My point is not to justify the cost of drugs, far from it, but there is reason to comment on the fact that leaders are looking for subterfuge to get out of their duty to provide services that have become essential in general and specialized medication. . We reiterate that the medication file cannot be evaluated in isolation, since oral and intravenous treatments are part of the arsenal necessary to provide consistent and competent care.

Let us not lose sight of the undue delays imposed by the authorities to approve new treatments. A renewed, neutral Essential Services Council capable of free will would be able to determine whether Quebec is acting diligently and with sufficient resources to make available treatments deemed relevant by scientific literature and expert recommendations.

With regard to the monetary mass allocated to the medical profession, the majority of it represents the cost of professional expertise, which is increasingly diluted by demands for justification and bureaucratic milestones. Here again, a Council for essential services with a broader mandate and with independent analysis and interpretation could rule on the relevance of the sums allocated according to the supply of care expected by the government, while recognizing the accountability and the notion of direct responsibility which are acute, expected and constraining in medical practice.

In addition, the migration of the practice requires an increasingly specialized specialization and duty to maintain competence, which also have a value to be monetized.
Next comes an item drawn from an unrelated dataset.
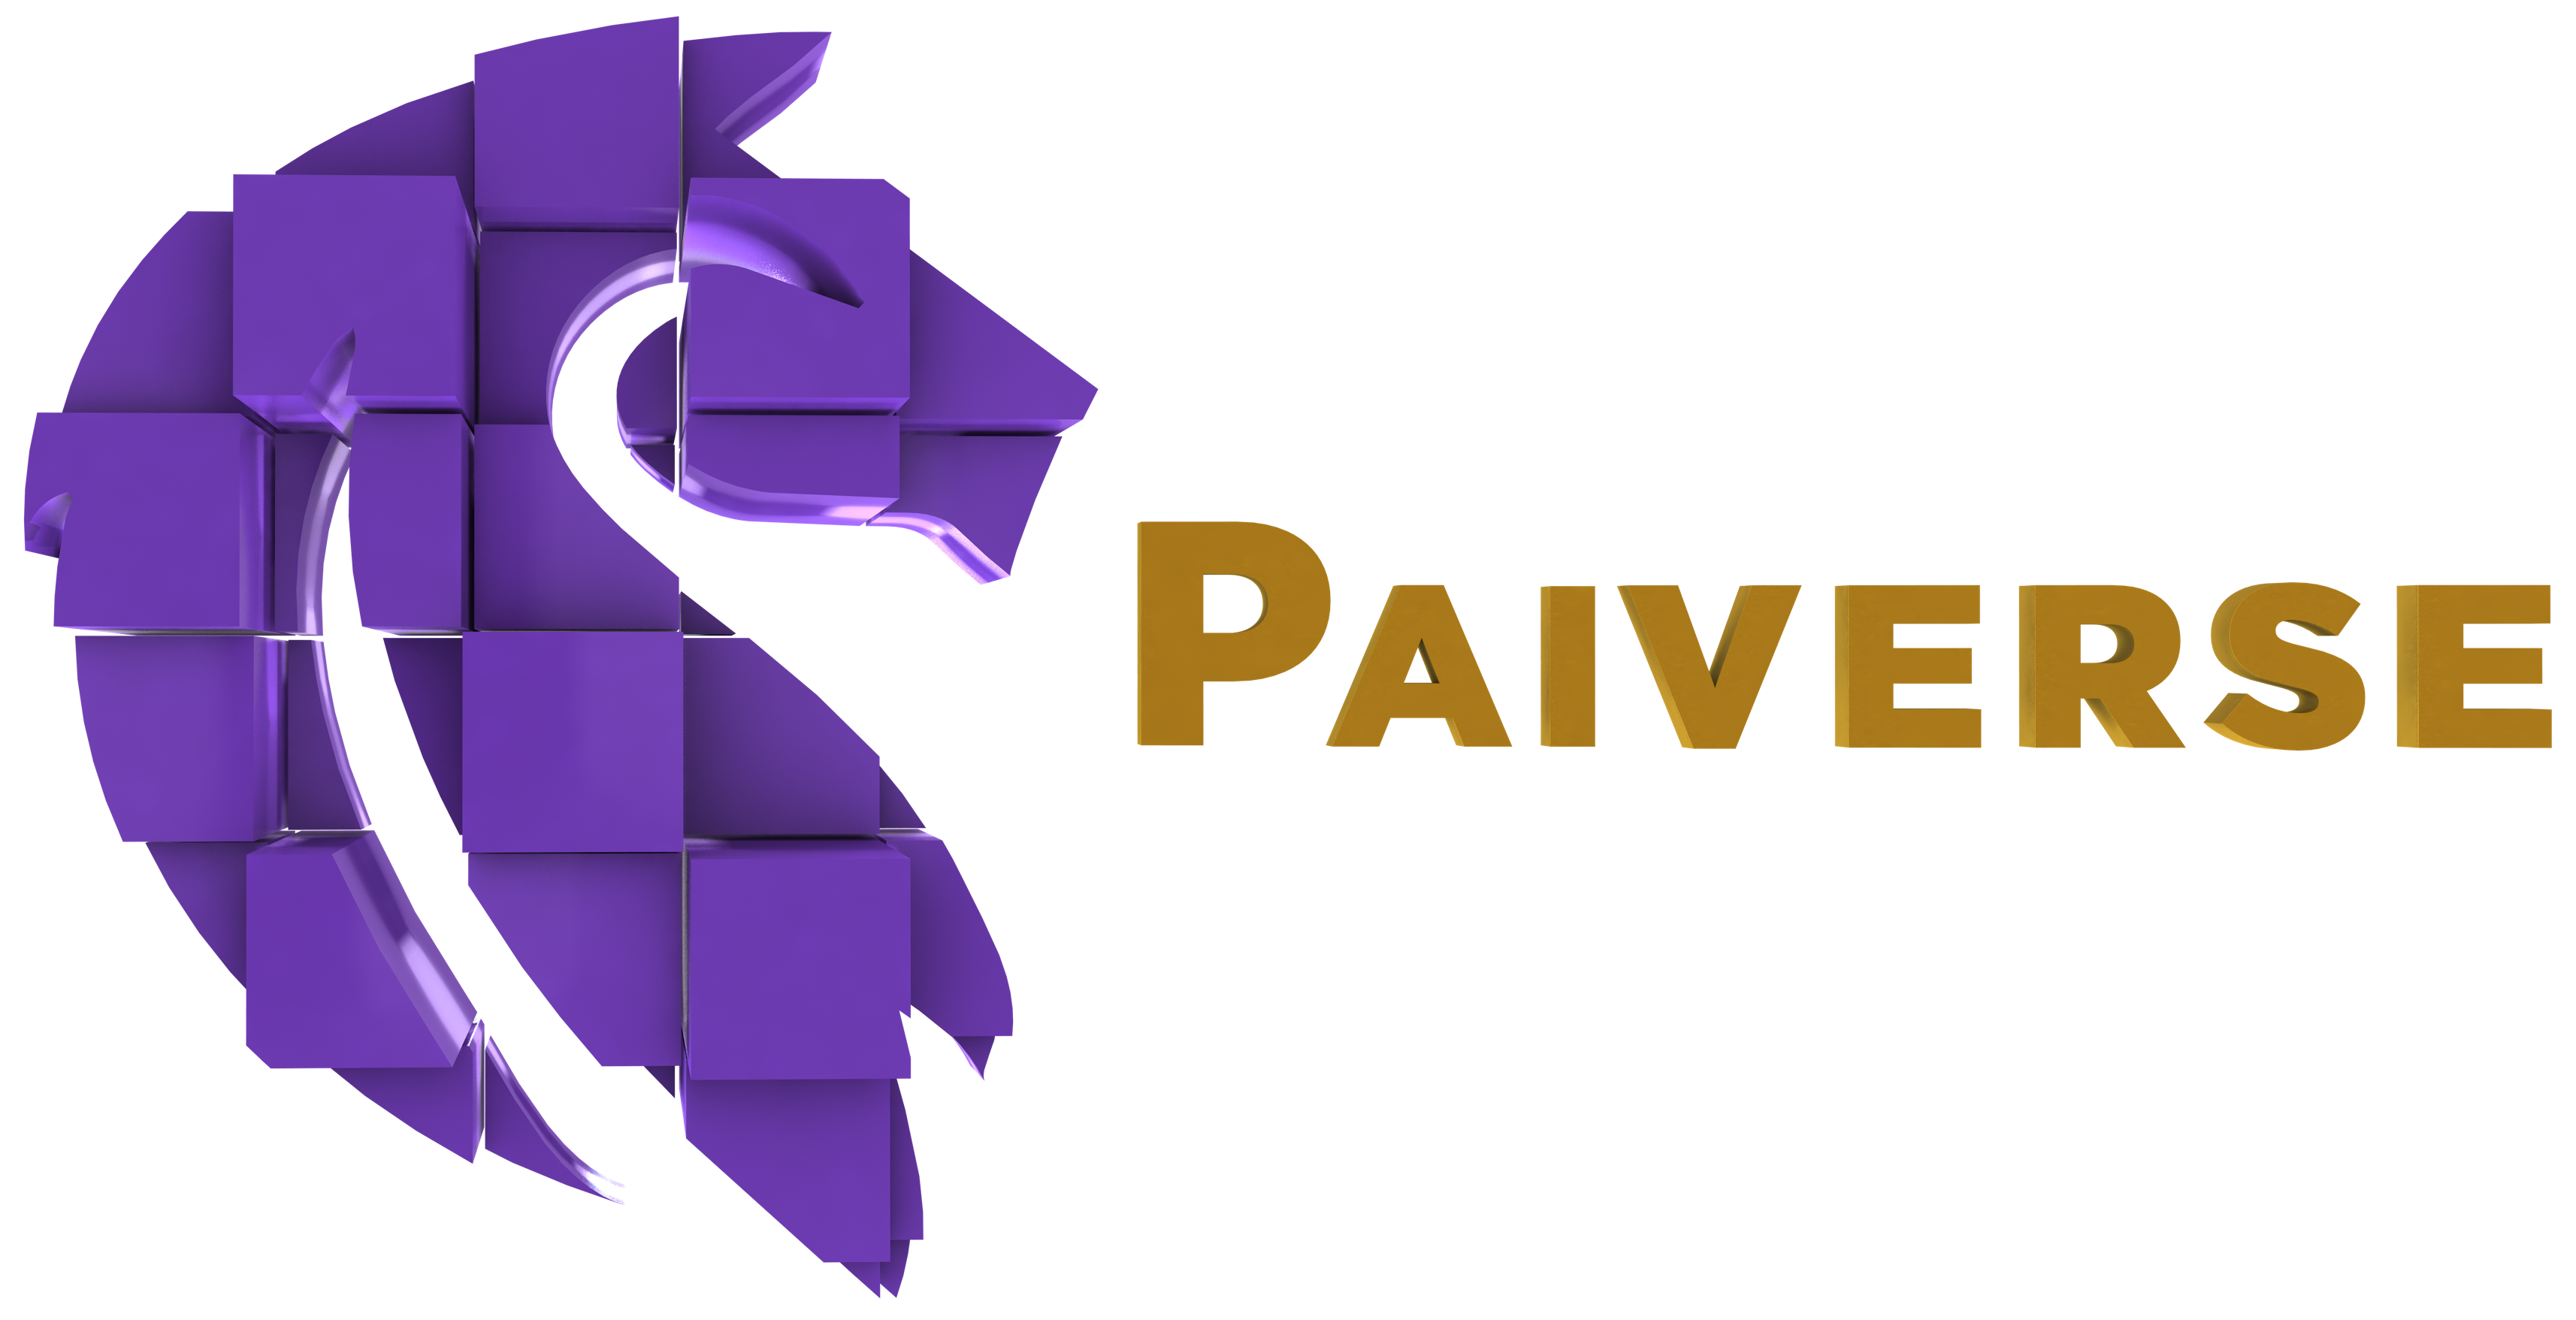 paiverse

Even though the government wishes to define levels of accountability for the leaders of the network to absolve itself, it remains the sole decision-maker of the budgets allocated to health.

In times of COVID-19, since this disease endangered social and economic integrity, it seems that no expenditure was superfluous in health, going as far as paying an additional $1 billion for personal protective equipment. , not to mention the amounts to treat patients with COVID-19 with expensive drugs quickly developed and approved.

Suddenly, “investing” in health becomes profitable again and is no longer the expense that economists decry.

As we emerge from the period of health emergency, the inventory of the priorities of the network leads to worrying observations on all that is essential, compromised, left behind. As far as my field of expertise is concerned, the resources in oncology are clearly not in line with the needs, and patients are waiting, sometimes without resolution, for diagnoses, treatments, well beyond scientific standards.

An independent Essential Services Council would be able to report breaches without simply relying on opinion pieces like this one, and knowing how to disentangle truth from government announcements.

What I am proposing here is part of what I have been asking for a long time, namely to make health an agency independent of political influence, able to determine what is possible according to the resources allocated, excluding gratuitous attacks on professionals seeking to impute fault in order to free themselves from their own responsibility. The revamped Council for Essential Services could, however, quickly activate to define the most glaring shortcomings and force to define whether, for example, access to chemotherapy treatment is essential and must be provided by the State with the appropriate drugs. and in a timely manner.

While most people think the COVID-19 crisis is a thing of the past in healthcare, it’s just exploding differently, expressing itself in demands to restore emergencies, while continuing to absorb the fact COVID -19.

“Yesterday’s crisis is tomorrow’s joke,” said Herbert George Wells. Nothing could be further from the truth in health. The current lack of care has clear repercussions on tomorrow and on the desire of health professionals to continue to get involved and to put their vocation and their professionalism at stake to respond to base political demands.